The CASTL Work-in-Progress meetings are a regular forum in which graduate students, postdocs and faculty across disciplines present their research ideas, plans, methods, and results for the purpose of getting feedback, and are open to the public.

Next Meeting

Friday April 25th, 2014, 2:00-3:00 PM EST
Presenter: Jennifer LoCasale-Crouch
Topic: Looking In: Developing an Observation Protocol for Early Elementary Classrooms in Latin America Research
(See below for more information)


Spring 2014 Schedule

Friday January 17th, 2014, 2:00-3:00 PM EST
350 Old Ivy Way, Ste. 100

Eileen G. MerrittPresenter: Eileen Merritt

Topic: Understanding Differences in Students’ Environmental Science Performance and Attitudes in Canada, Mexico and the United States

Abstract: In this WIP, I will present my plan for an AERA research grant analyzing data from PISA 2006. The study seeks to understand factors that contribute to students’ sense of responsibility for sustainable development as well as their environmental science performance. I hope to get feedback on my research questions and analytic plan.

Friday January 24th, 2014, 2:00-3:00 PM EST
350 Old Ivy Way, Ste. 100

Micela Leis

Presenter: Micela Leis

Topic: Principal Actions that Build Teacher Trust: Comparative Case Studies

Abstract: In this study, a comparable-case selection method was used to select three schools had similar relevant characteristics: school and teacher demographics, school size, school type, and low teacher-reported levels of teacher-principal trust in August 2012. We then used an analytic induction approach within a comparative case study design to explore the dynamic nature of teacher-principal trust, and principal actions that are related to these changes. In this Works In Progress, I will describe our conceptual model and our findings on principal actions that influence relational trust. 

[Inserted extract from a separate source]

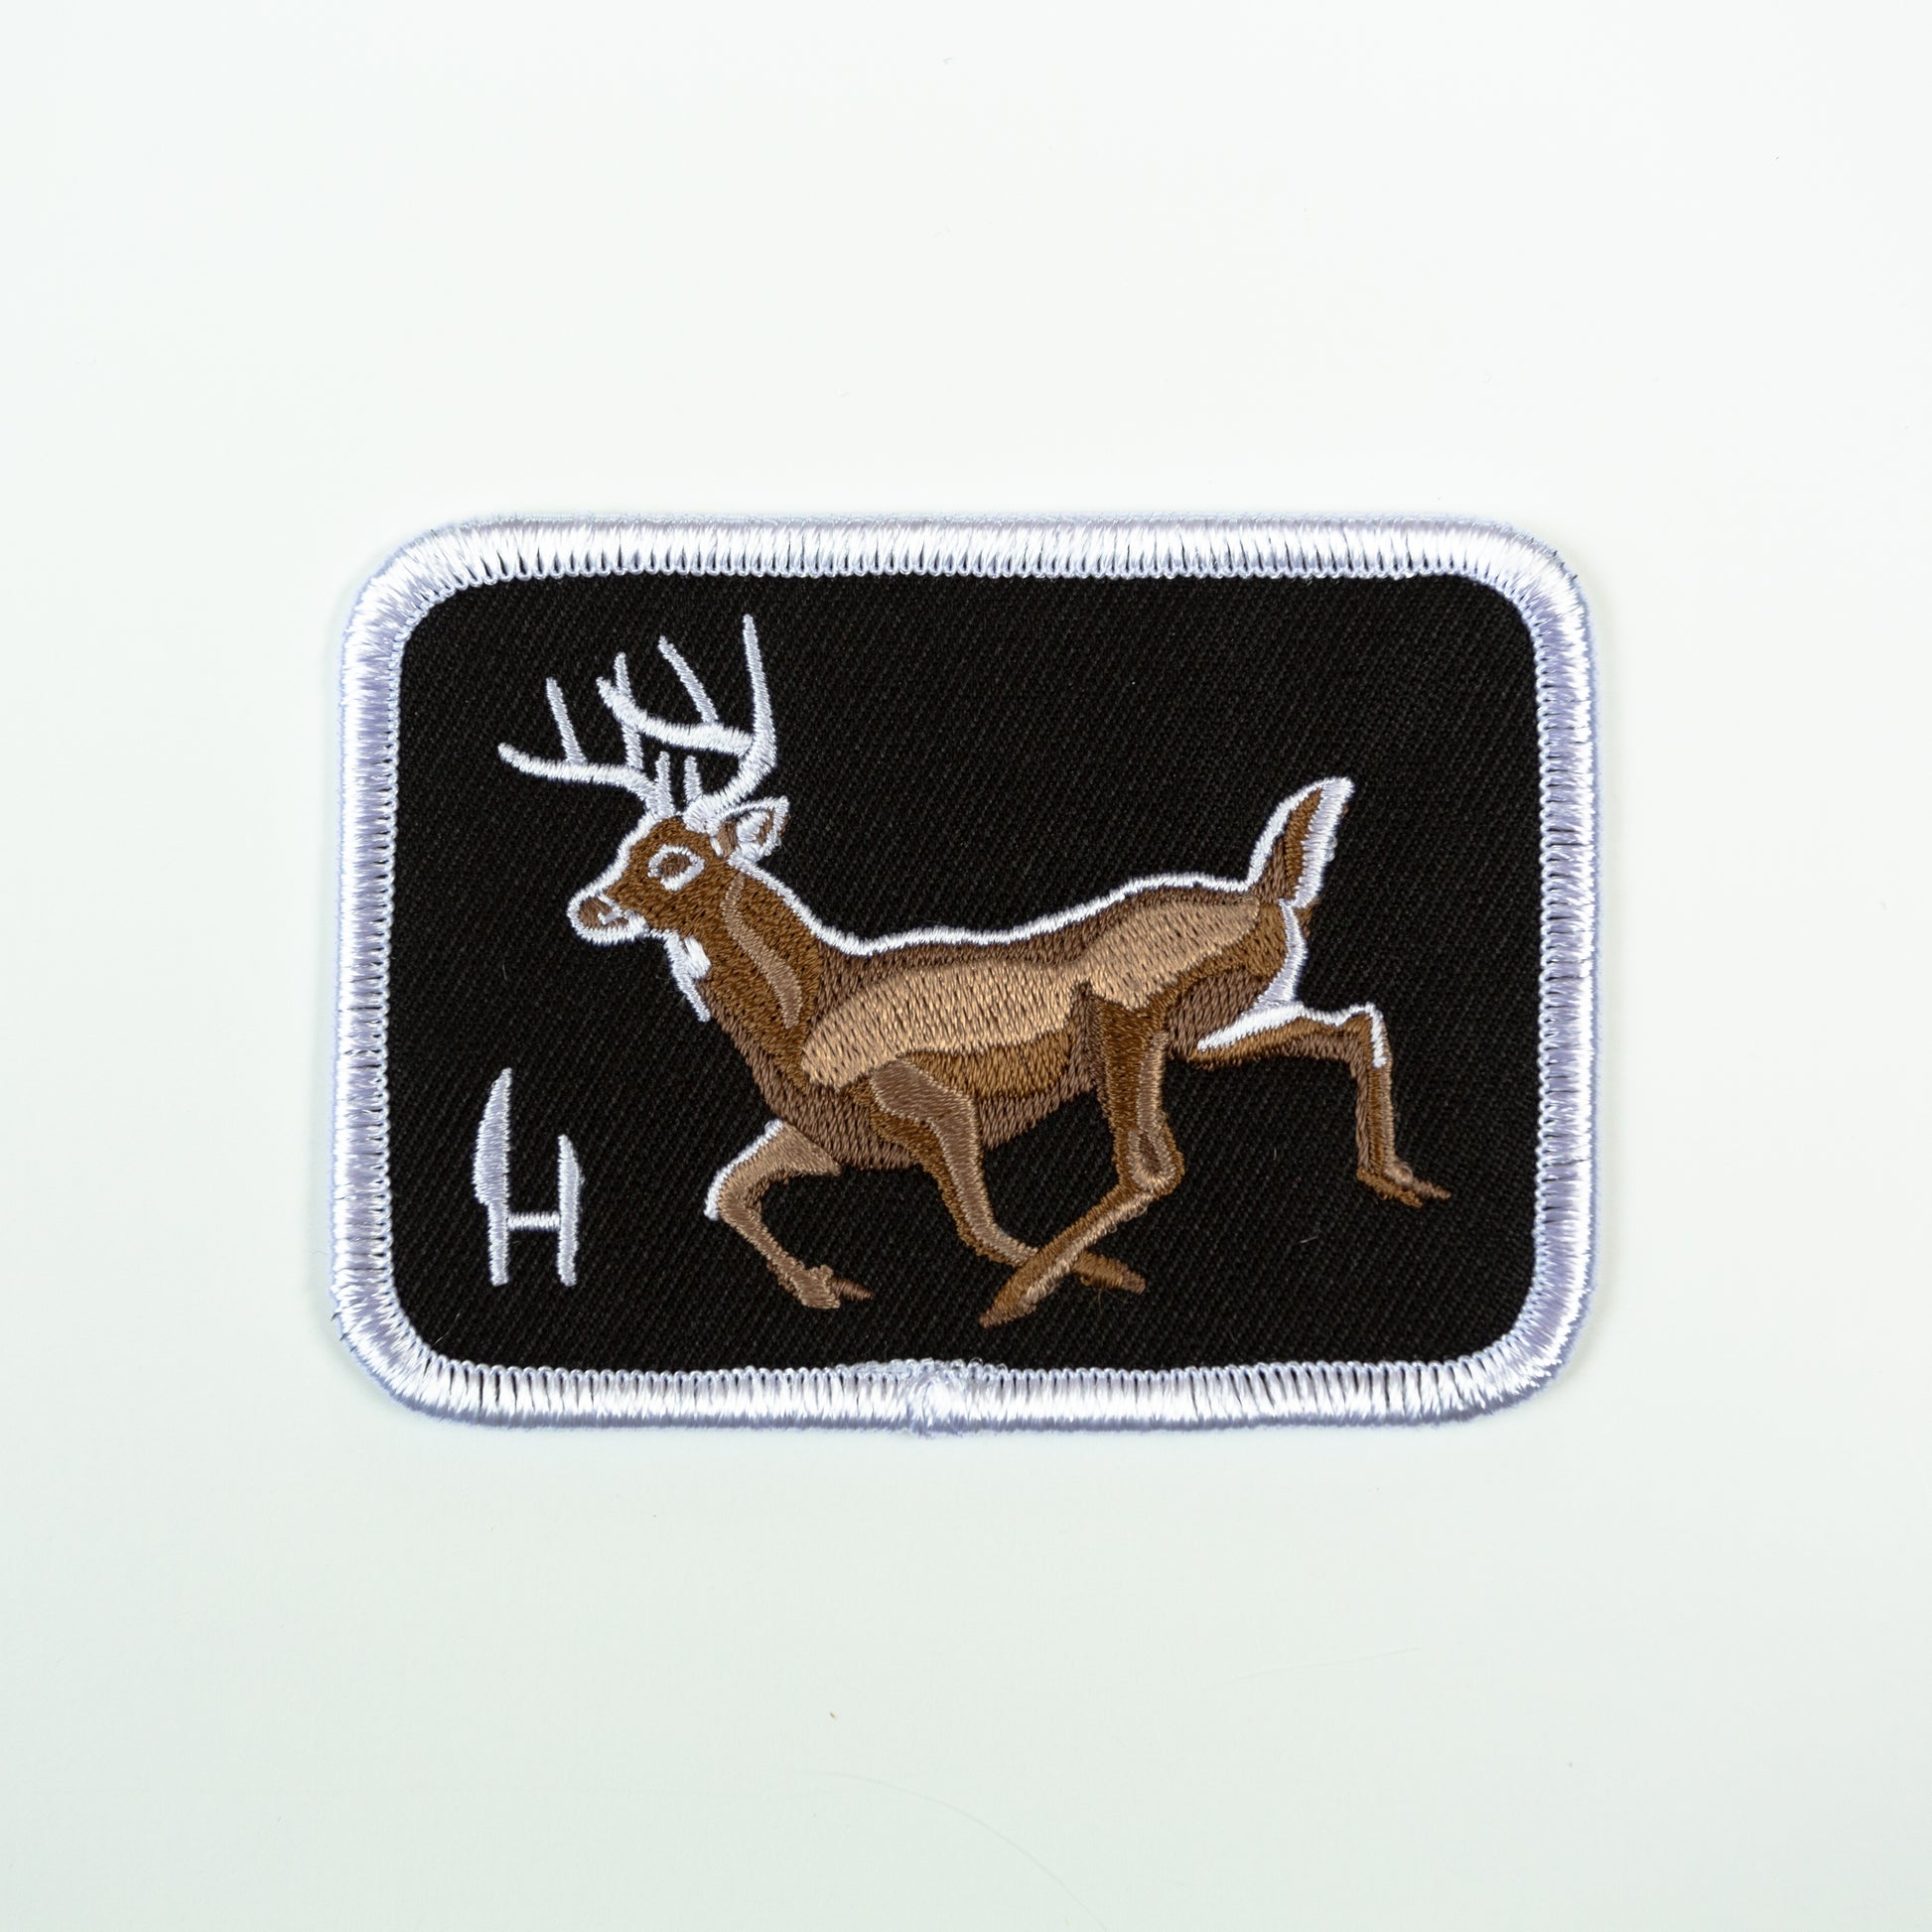  An embroidered patch of a whitetail deer buck.  A black twill fabrick background with a whitetail Buck embroidered in shades of warm brown with white highlights.  surrounded by a white merrowed edge and emblazened with the Hunt to eat H/knives logo

Friday January 31st, 2014, 2:00-3:00 PM EST
350 Old Ivy Way, Ste. 100

Presenter: Dr. Vivien M Chabalengula
Topic: Developing an Instructional Model for Integrating Engineering Design in K-12 Science Classrooms
Abstract: Recently, the NRC released the New Framework for K-12 Science Education which accentuates the integration of engineering design into K-12 science education (NRC, 2012). In response to this call, several programs have already developed engineering-based curricular materials for K-12 settings. However, teachers are currently facing several challenges to effectively implement these existing engineering-based materials for two major reasons: (a) the materials do not specifically address the science standards so that students are also prepared for standardized assessment tests as they engage in engineering design; and (b) teachers have little to no explicit exposure to engineering so much that they are unable to address how middle school science is connected to engineering design. Based on these teacher challenges, I am currently conducting a study on developing an instructional model for integrating engineering in k-12 science classrooms. So far, literature shows that there is no instructional model which can be used by teachers to design and teach science and engineering integrated lessons (Bamberger et al, 2013; Daugherty, 2012). In this WIP, I am seeking input on how I can come up with a valid “universal” instructional model which can explicitly help teachers plan for science lessons that integrate engineering design. In these initial stages, I am reviewing the existing K-12 science and engineering programs’ activities, delivery modes and assessments to: establish the extent to which they address the state standards; and determine the type/level of engineering integration in K-12 science

Friday February 7th, 2014, 2:00-3:00 PM EST
350 Old Ivy Way, Ste. 100

Presenter: Erik Ruzek

Topic: Dimensionality of the CLASS-Upper Elementary Observational Measure

Abstract: The CLASS observational measure is designed to tap 3 dimensions of teacher-student interaction, and prior research finds strong evidence for the existence of separate (but correlated) organizational, instructional, and social-emotional domains. More recent work suggests that, in pre-K classrooms, the CLASS may have a bifactor structure that taps into a general factor (i.e., cognitive facilitation) and two uncorrelated domain-specific factors (i.e., management and routines, and cognitive facilitation). In this WIP, we will present results from ongoing analysis on the factor structure (3-factor vs. bifactor) of the CLASS-Upper Elementary, which was designed for use in 4th through 6th grade classrooms. 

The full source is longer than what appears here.